SPhos | CAS 657408-07-6 | ≥98%

SPhos (2-dicyclohexylphosphino-2′,6′-dimethoxybiphenyl) is an air-stable, electron-rich biaryl monophosphine of the Buchwald class, built on a biphenyl backbone bearing a dicyclohexylphosphino group and two ortho-methoxy substituents. Its palladium chemistry runs through a monoligated species: the bulky, strongly σ-donating phosphine supports a coordinatively unsaturated L·Pd(0) centre, and oxidative addition of the aryl halide proceeds through this single-ligand complex rather than a bis-phosphine one. Electron-rich palladium accelerates oxidative addition of sluggish substrates, while the ligand’s steric demand favours reductive elimination, giving SPhos broad reach in difficult Suzuki–Miyaura coupling.

Suzuki–Miyaura coupling

Introduced by the Buchwald group as a rationally designed broad-scope ligand, SPhos has Suzuki–Miyaura coupling as its defining application. With a palladium source it couples aryl- and heteroaryl halides with aryl-, heteroaryl- and vinylboronic acids, and its reach extends to substrates that defeat classical triarylphosphine catalysts. Its activity brings unactivated aryl chlorides — unreactive toward classical Pd(0)/PPh₃ systems — into routine, often room-temperature, use, while its steric profile enables highly hindered biaryl formation at low palladium loadings.

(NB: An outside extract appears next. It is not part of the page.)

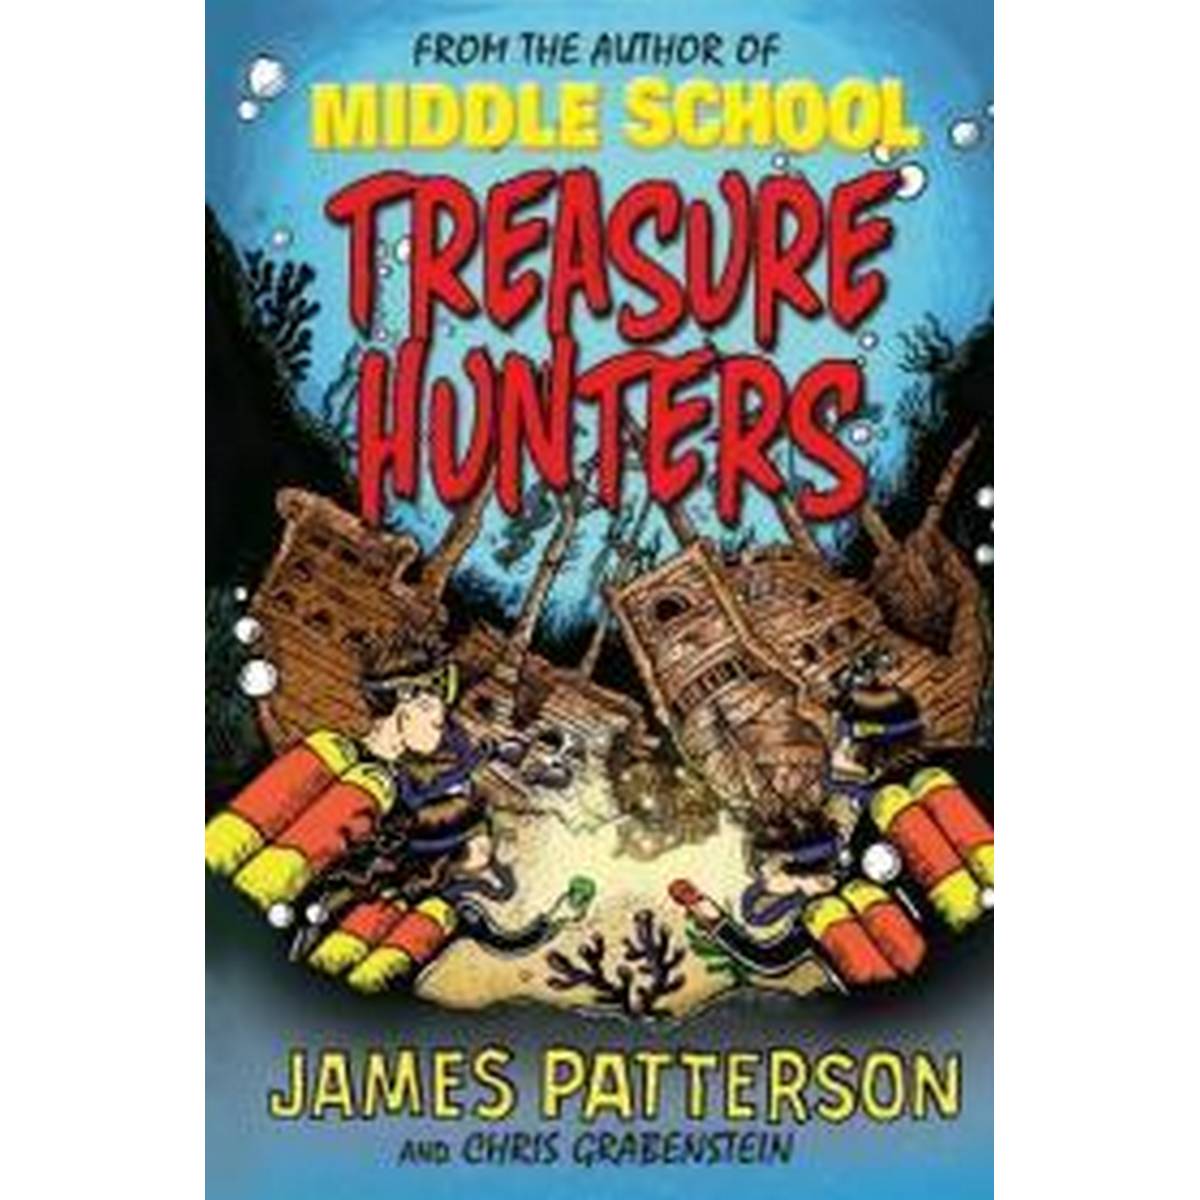 Treasure Hunters:

The role of the dimethoxy backbone

What distinguishes SPhos from a simple bulky trialkylphosphine is its lower, methoxy-bearing ring. Structural and computational studies of its palladium complexes show that this ring folds over the metal, establishing a stabilising π-interaction between the palladium centre and the ipso-carbon of the arene, supported by the proximity of the two ortho-methoxy groups. This interaction supports the reactive monoligated centre and helps maintain the single-ligand geometry through which oxidative addition proceeds. Comparative studies that vary ligand bulk and phosphorus substituents independently show that both the electron-donating dicyclohexylphosphino group and the stabilising backbone interaction contribute to catalyst activity.

Scope and precatalyst deployment

SPhos can be used as the free ligand with a palladium source, but generic precursors such as palladium(II) acetate can give off-cycle, less-reactive cyclometalated palladium species. To avoid this and ensure controlled catalyst generation, SPhos is frequently deployed as a preformed aminobiphenyl palladacycle precatalyst (G2–G4 series), fixing a 1:1 ligand-to-palladium ratio and releasing the active palladium(0) species cleanly on treatment with base. Beyond Suzuki–Miyaura coupling, SPhos has secondary use in palladium-catalysed C–N coupling. Its substrate breadth, tolerance of hindered and heteroaromatic partners, low catalyst loadings and bench stability establish it as a widely used reference ligand for biaryl bond construction.

Further applications

• Synthesis of hindered biaryls: Enables extremely hindered biaryl construction, including tetra-ortho-substituted products, where steric congestion makes reductive elimination demanding.
• Coupling of heteroaryl boron partners: Couples heteroaryl boronic acids and esters, including heterocyclic motifs prone to protodeboronation under basic coupling conditions, to give heterobiaryls in good to excellent yields.
• Boron partner scope: Operates with aryl-, heteroaryl- and vinylboronic acids, potassium aryl trifluoroborates, and alkylboron derivatives, extending the usable boron-partner range beyond simple arylboronic acids.
• Miyaura borylation: Acts as a supporting ligand in palladium-catalysed borylation of aryl chlorides and bromides with bis(pinacolato)diboron, converting aryl halides into pinacol boronates for subsequent Suzuki–Miyaura reactions.